Anser?(Copyright www.www.funnylovesms.com)
A woman coz she lifts two mountain on her chest while man lifts his
crane with the help of 2 stones. By marwat
Why do Couples hold hands on Wedding Day?
Ques : Why do Couples hold hands on Wedding Day?
Ans : Just for Formality, like 2 Boxers shaking hands before Fight!!By
Uzzal
(In Urdu)
Girls Hostel ki light chali gayi.
Ek ladki ne electric office me phone karke kaha:
(Copyright www.www.funnylovesms.com)
Light chali gayi hai, aadmi bhejo.
Replied "Aadmi nahi hai, mombatti se kaam chala lo."By chumma khan
(In Urdu)
chota sardar:mummy kal raat ko,phir maine bathroom ka darvaja khola toh
light apne aap jal gaye.mummy:kaminey phir tune fridge main susu ki! By
baasha
(Copyright www.www.funnylovesms.com)
Once Laloo was coming out of Airport.
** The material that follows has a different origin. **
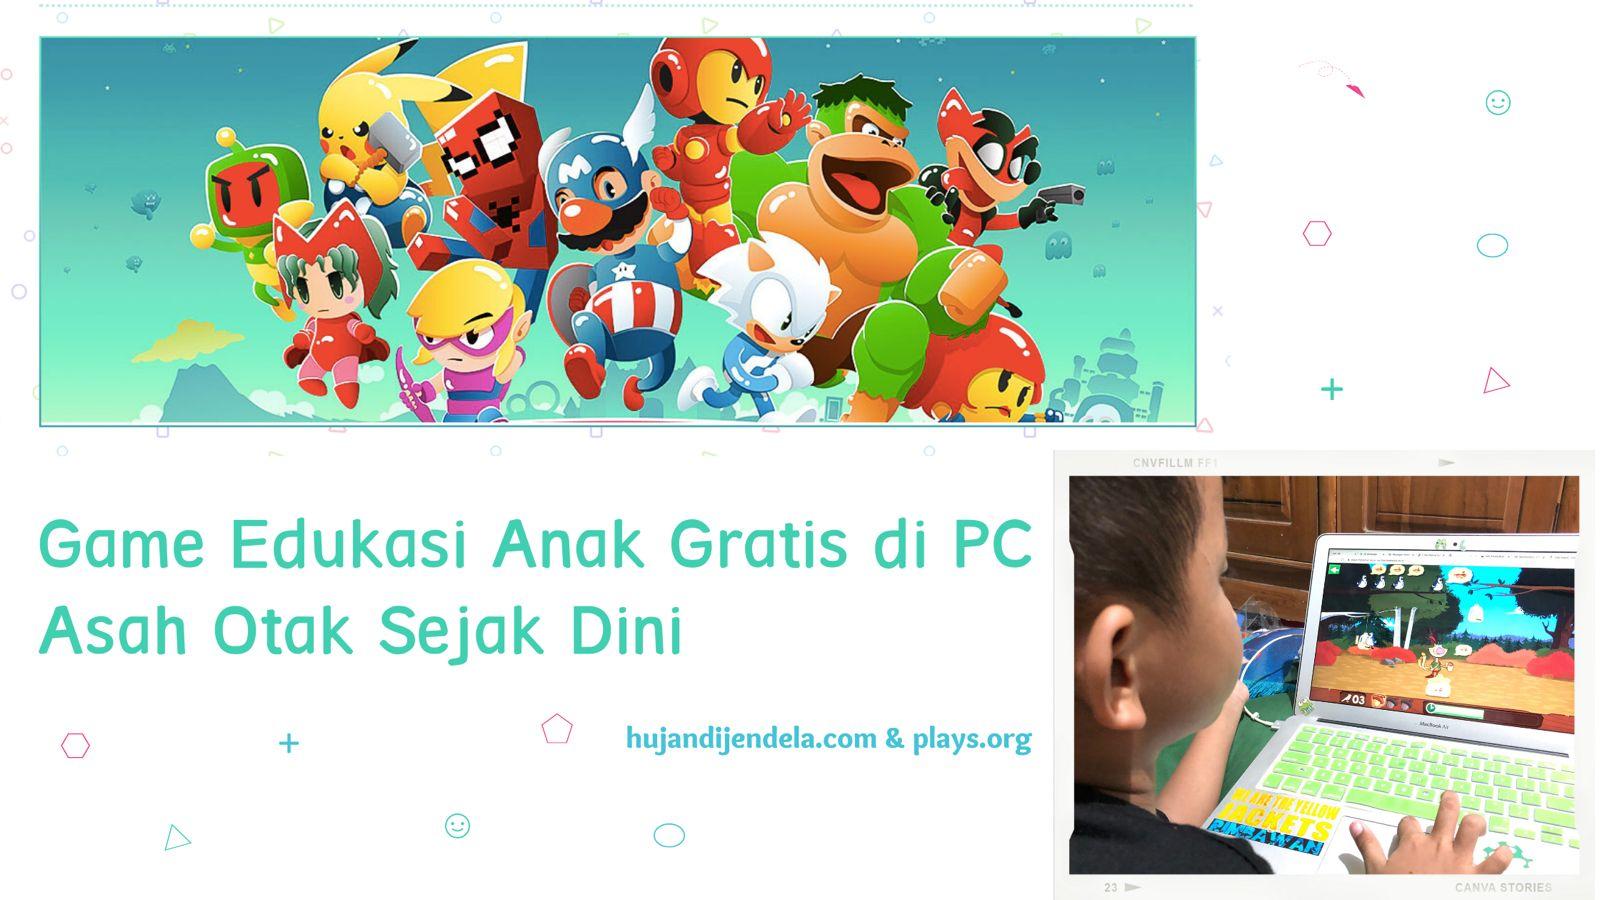 Game Edukasi Anak Gratis di PC - Asah Otak Anak Sejak Dini - Cover 1

As there was a huge rush, the
security guard told Laloo "WAIT PLEASE" for which Laloo replied "65Kgs"
and moved By kunjava
Once Laloo wanted to know the time difference between Bihar and Las
Vegas.So he called up the Tourist department and asked them "Ji..could
you tell methe time difference between Patna and Las Begas...". . The
man at the other end replies "One second sir..." and Laloo immediately
replies "thank you"and puts the phone downBy kunjava
At a bar in New York, the man to Laloo's left tells the bartender
,"JOHNNIE WALKER, SINGLE." And the man's companion says, "JACK
DANIELS,SINGLE." The bartender approaches Laloo and asks, "AND YOU,
SIR?" Lalooreplies: "LALOO YADAV, MARRIEDBy kunjava
(Copyright www.www.funnylovesms.com)
After having resigned as the CM of Bihar, Laloo decides to go modeling.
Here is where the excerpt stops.